Prompts¶
Prompt Template¶
The extraction prompt is defined in extract.yaml at the repository root.
It has two parts: a system message and a user prompt.
System Message¶
You are a scientific data extraction assistant specializing in biological
assays and measurements. Your task is to extract structured data from
scientific text, identifying assays, measurements, protocols, study
subjects, and experimental conditions.
User Prompt¶
Extract structured assay and measurement data from the following scientific text.
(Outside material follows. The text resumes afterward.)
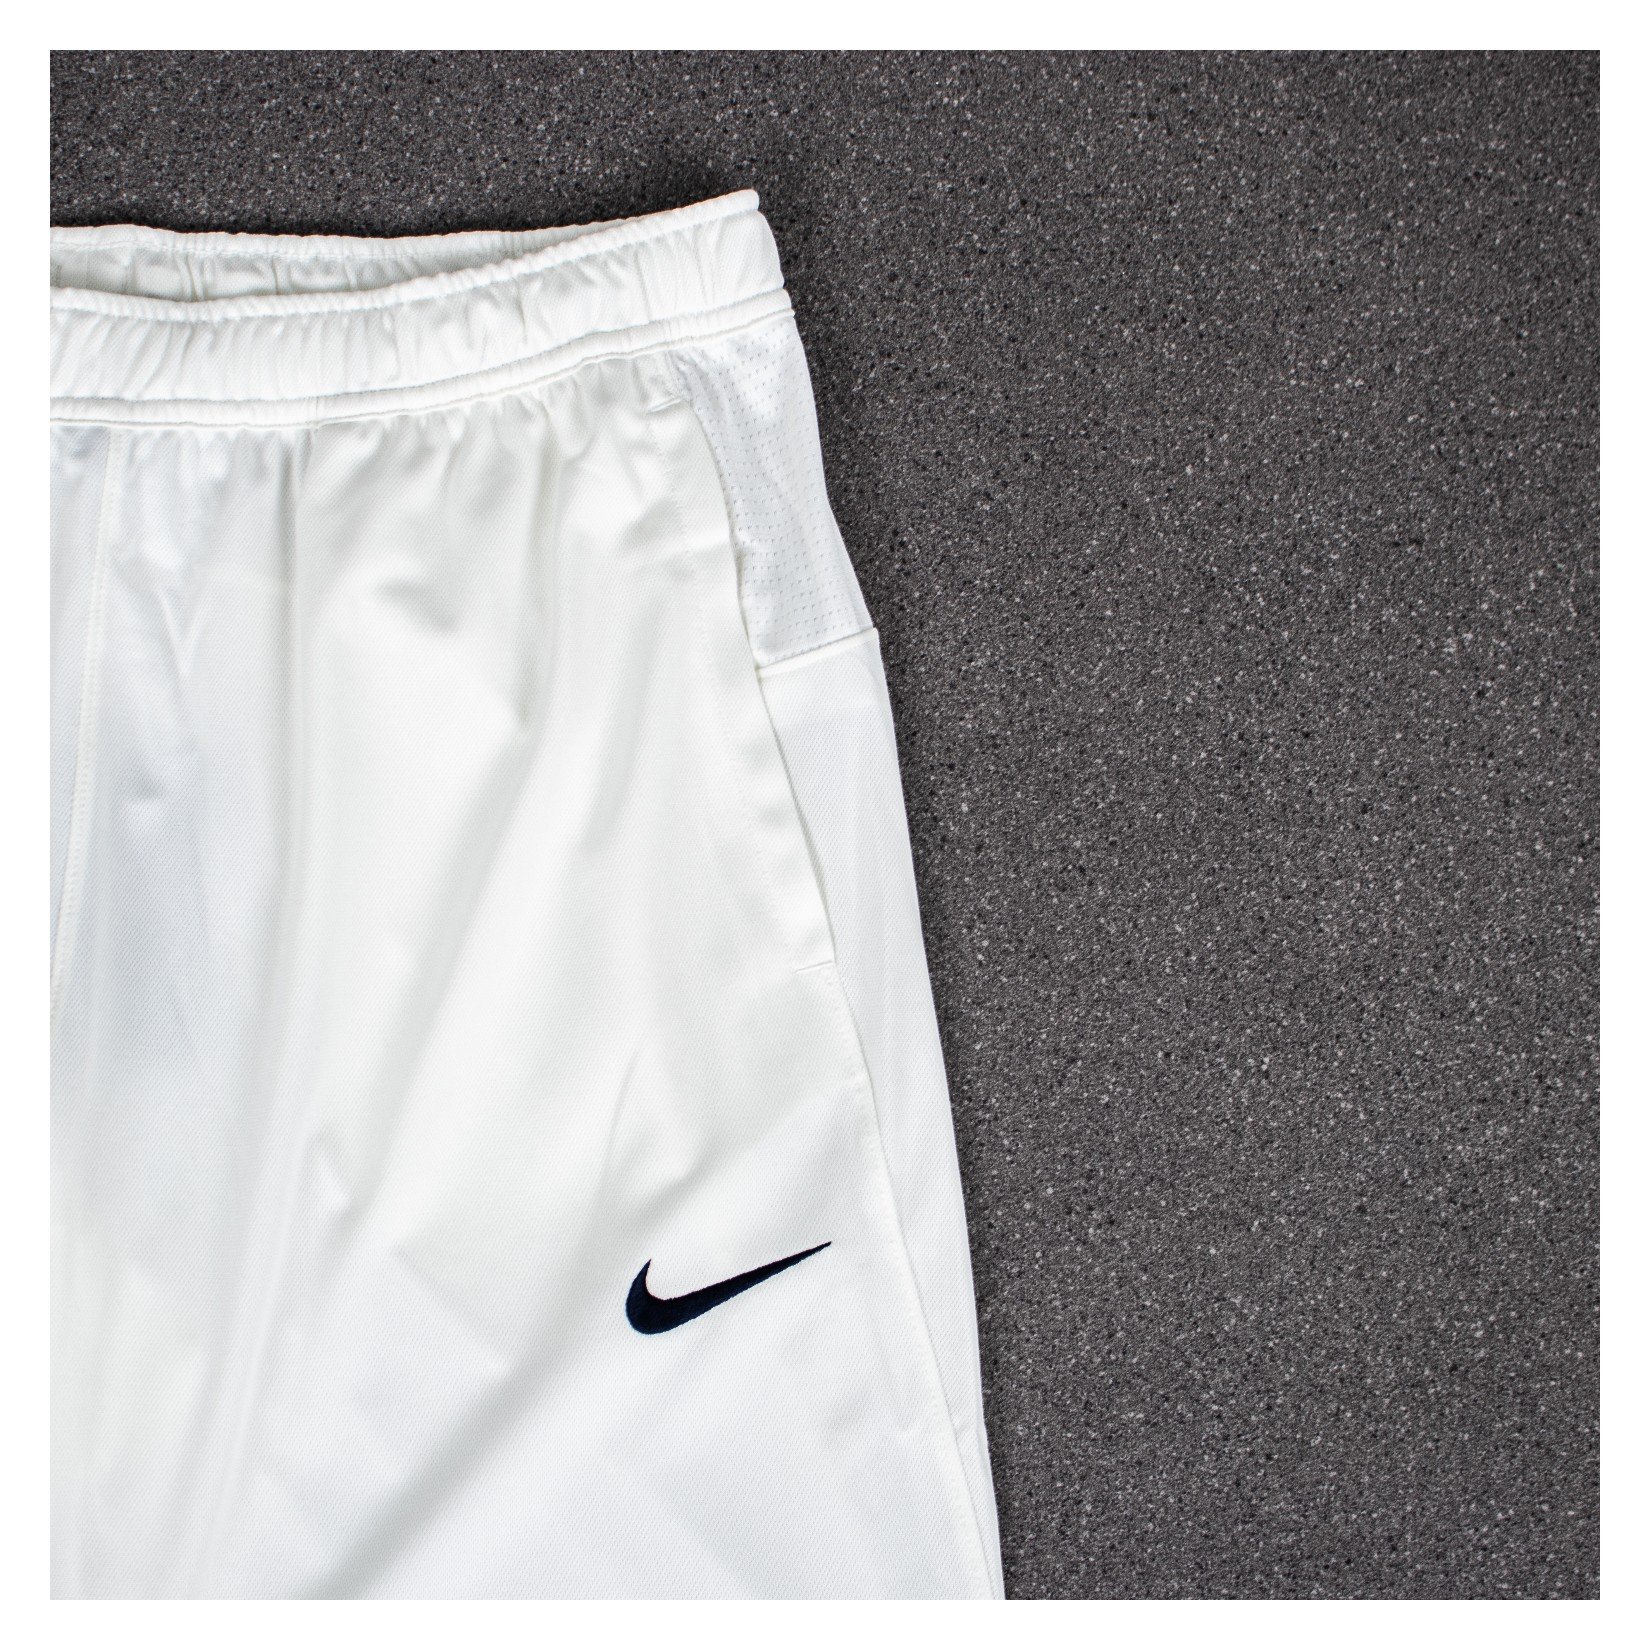 Nike Cricket Clothing
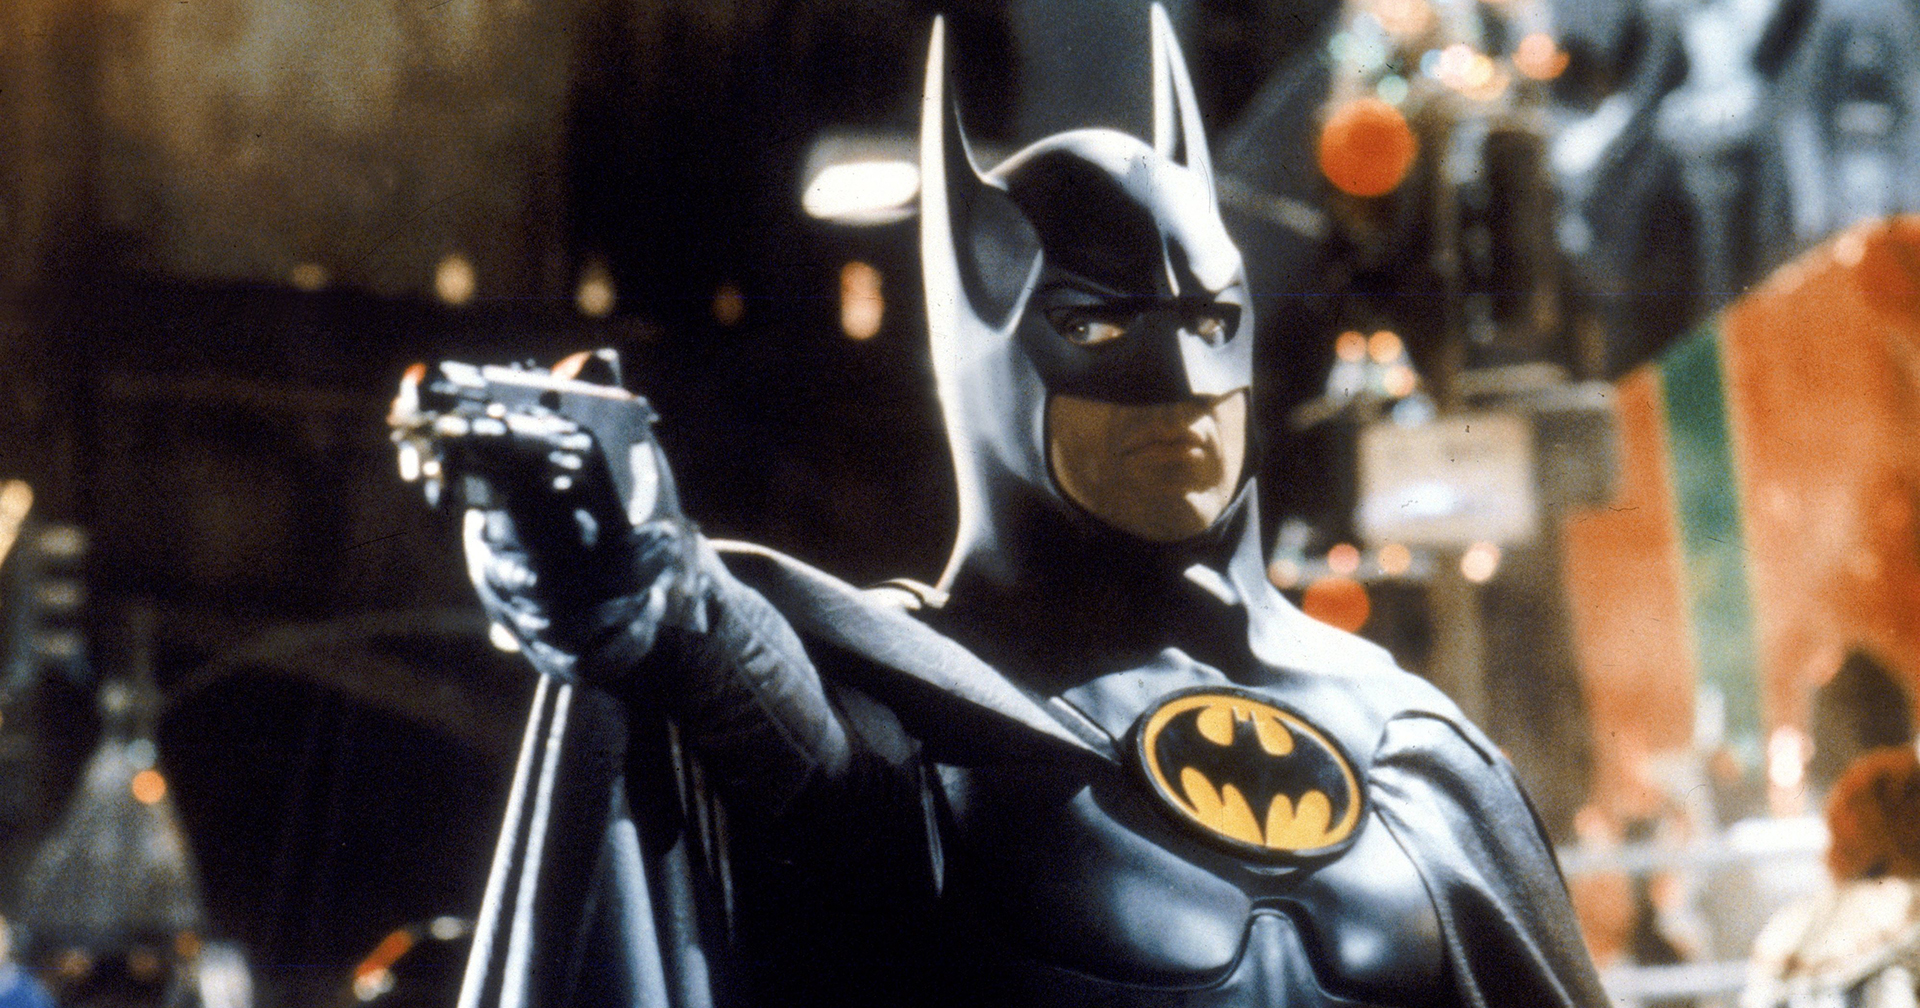 ไมเคิล คีตัน จะยังคงรับบท Batman ต่อไปในภาพยนตร์ Batgirl

Identify all assays, their measurements, study subjects, protocols, and
experimental conditions. Use ontology identifiers where possible (e.g.,
OBI, CHEBI, CL, UBERON, NCBITaxon, UO). Provide the extracted data in
a structured format (e.g., YAML).
Prompt Assembly¶
The prompt_builder.py module assembles the final prompt from three components:
┌─────────────────────────────────────────┐
│ ## Schema Context (if not baseline)│
│ [generated by schema_context.py] │
│ │
│ [extraction instructions from template]│
│ │
│ ## Source Text │
│ [full text extracted from PDF] │
└─────────────────────────────────────────┘
For baseline runs, the schema context section is omitted entirely. For other levels, it is prepended before the extraction instructions.
Ontology Targets¶
The prompt instructs models to use ontology identifiers from these vocabularies:
| Prefix | Ontology | Domain |
|---|---|---|
| OBI | Ontology for Biomedical Investigations | Assay types, protocols |
| CHEBI | Chemical Entities of Biological Interest | Chemical compounds |
| CL | Cell Ontology | Cell types |
| UBERON | Uber-anatomy Ontology | Anatomical structures |
| NCBITaxon | NCBI Taxonomy | Organisms |
| UO | Units of Measurement Ontology | Measurement units |
Token Budget¶
The prompt length varies by ablation level due to the schema context:
| Level | Approximate Prompt Size |
|---|---|
baseline |
~18,700 tokens (paper text + instructions only) |
class_names |
~19,500 tokens |
full_classes |
~20,500 tokens |
with_enums |
~21,700 tokens |
These are approximate and depend on the specific paper length and schema size.